Please note that tidying and cleaning data are not equivalent: I refer to tidying data as to bringing data in a tidy format. Cleaning data, however, can encompass way more than this: parsing columns in the right format (using readr, for instance), imputation of missing values, address the problem of typos, etc.
3.1 The concept of tidy data
data sets can be structured in many ways. To make them tidy, they must be organized in the following way (this is taken from the R for Data Science book (Wickham and Grolemund 2016)):
Each variable must have its own column.
Each observation must have its own row.
Each value must have its own cell.
They can even be boiled further down:
Put each data set in a tibble.
Put each variable in a column.
This can also be visually depicted:
This way of storing data has two big advantages:
you can easily access, and hence manipulate, variables as vectors
if you perform vectorized operations on the tibble, cases are preserved.
3.1.1 Making messy data tidy
So what are the most common problems with data sets? The following list is taken from the tidyr vignette1:
Column headers are values, not variable names.
Variables are stored in both rows and columns.
Multiple variables are stored in one column.
Multiple types of observational units are stored in the same table.
A single observational unit is stored in multiple tables.
I will go across the former three types of problems, because the latter two require some more advanced data wrangling techniques you haven’t learned yet (i.e., functions from the dplyr package: select(), mutate(), left_join(), among others).
In the following, I will provide you with examples on how this might look like and how you can address the respective problem using functions from the tidyr package. This will serve as an introduction to the two most important functions of the tidyr package: pivot_longer() and its counterpart pivot_wider(). Beyond that, separate() will be introduced as well. At the beginning of every part, I will build the tibble using functions from the tibble package. This should suffice as a quick refresher for and introduction to creating tibbles.

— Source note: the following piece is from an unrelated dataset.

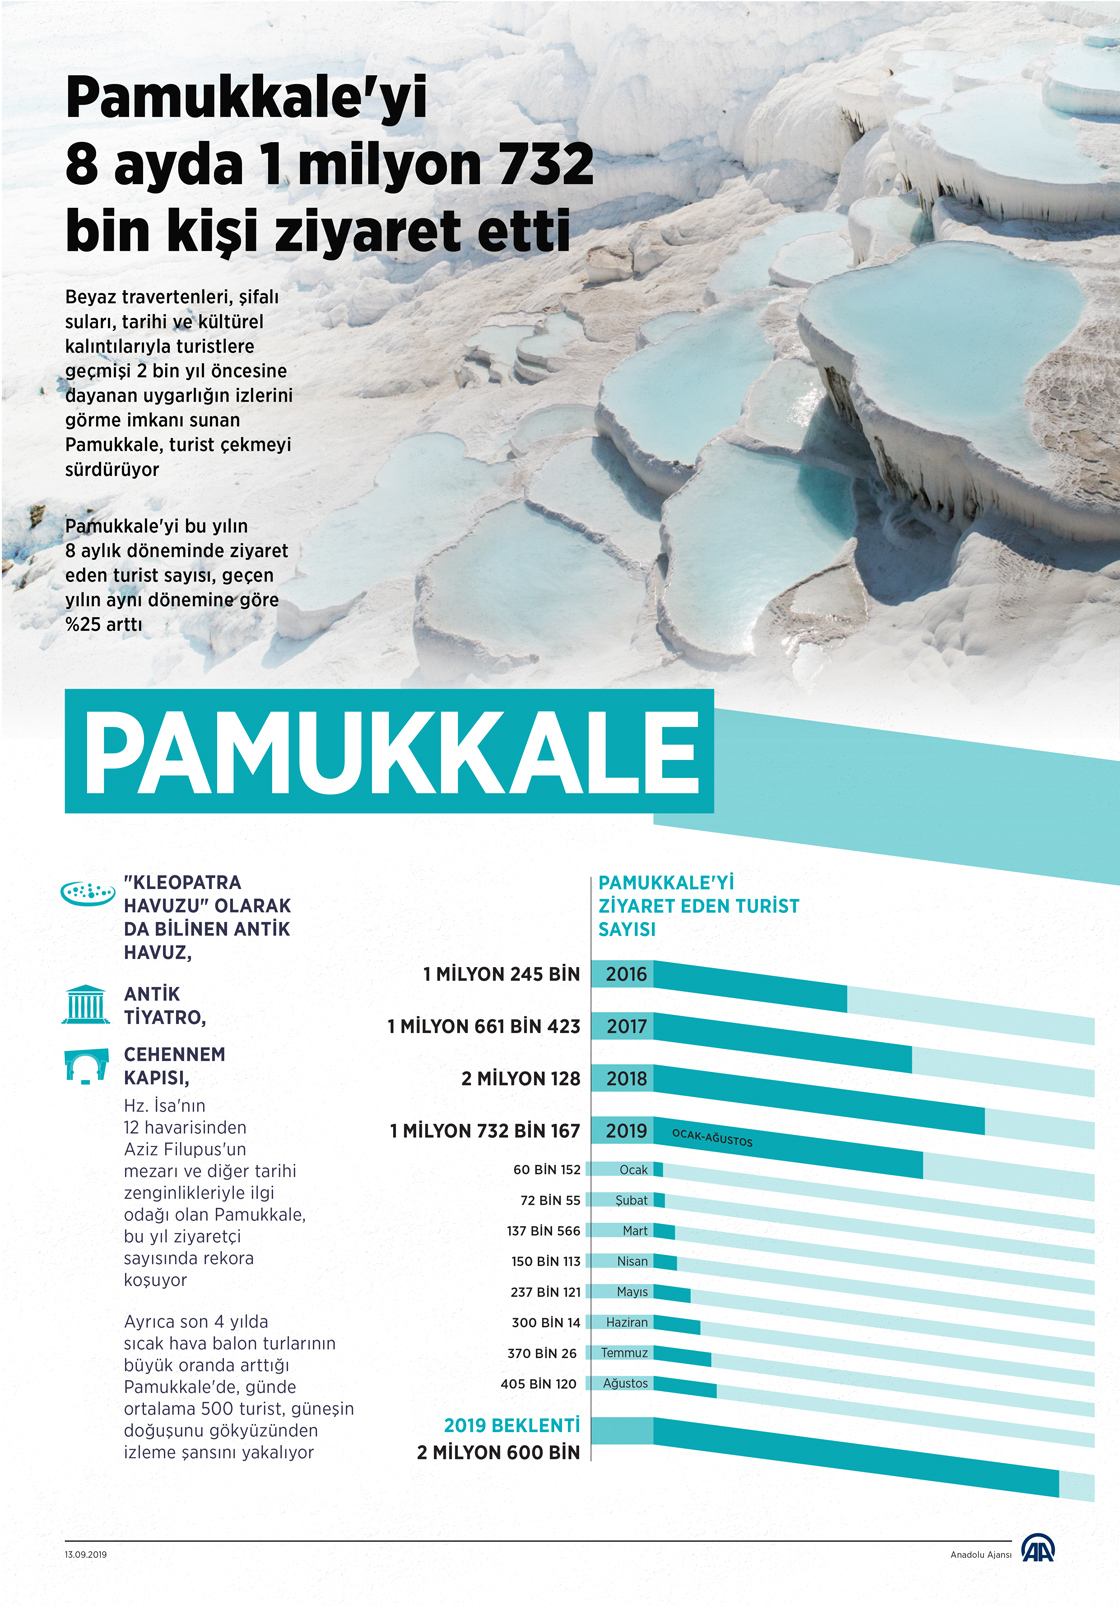 Pamukkale'yi 8 ayda 1 milyon 732 bin kişi ziyaret etti

tidyr has some more functions in stock. They do not necessarily relate to transforming messy data sets into tidy ones, but also serve you well for some general cleaning tasks. They will be introduced, too.
You can create a tibble by column using the tibble function. Column names need to be specified and linked to vectors of either the same length or length one.
This data set basically consists of three variables: German car manufacturer, number of cylinders, and frequency. To make the data set tidy, it has to consist of three columns depicting the three respective variables. This operation is called pivoting the non-variable columns into two-column key-value pairs. As the data set will thereafter contain fewer columns and more rows than before, it will have become longer (or taller). Hence, the tidyr function is called pivot_longer().
# A tibble: 40 × 3
manufacturer cylinders frequency
<chr> <chr> <dbl>
1 Audi 3 cyl 16
2 Audi 4 cyl 72
3 Audi 5 cyl 9
4 Audi 6 cyl 39
5 Audi 8 cyl 26
6 Audi 10 cyl 2
7 Audi 12 cyl 2
8 Audi 16 cyl 0
9 BMW 3 cyl 17
10 BMW 4 cyl 55
# … with 30 more rows
In the function call, you need to specify the following: if you were not to use the pipe, the first argument would be the tibble you are manipulating. Then, you look at the column you want to keep. Here, it is the car manufacturer. This means that all columns but manufacturer will be crammed into two new ones: one will contain the columns’ names, the other one their values. How are those new column supposed to be named? That can be specified in the names_to = and values_to =arguments. Please note that you need to provide them a character vector, hence, surround your parameters with quotation marks. As a rule of thumb for all tidyverse packages: If it is a new column name you provide, surround it with quotation marks. If it is one that already exists – like, here, manufacturer, then you do not need the quotation marks.
# A tibble: 4 × 5
manufacturer model cylinders fuel_consumption_type fuel_consumption_per_100km
<chr> <chr> <dbl> <chr> <dbl>
1 VW Golf 4 urban 5.2
2 VW Golf 4 extra urban 4.5
3 Opel Adam 4 urban 4.9
4 Opel Adam 4 extra urban 4.1
It was created using the tribble function: tibbles can also be created by row. First, the column names need to be specified by putting a tilde (~) in front of them. Then, you can put in values separated by commas. Please note that the number of values needs to be a multiple of the number of columns.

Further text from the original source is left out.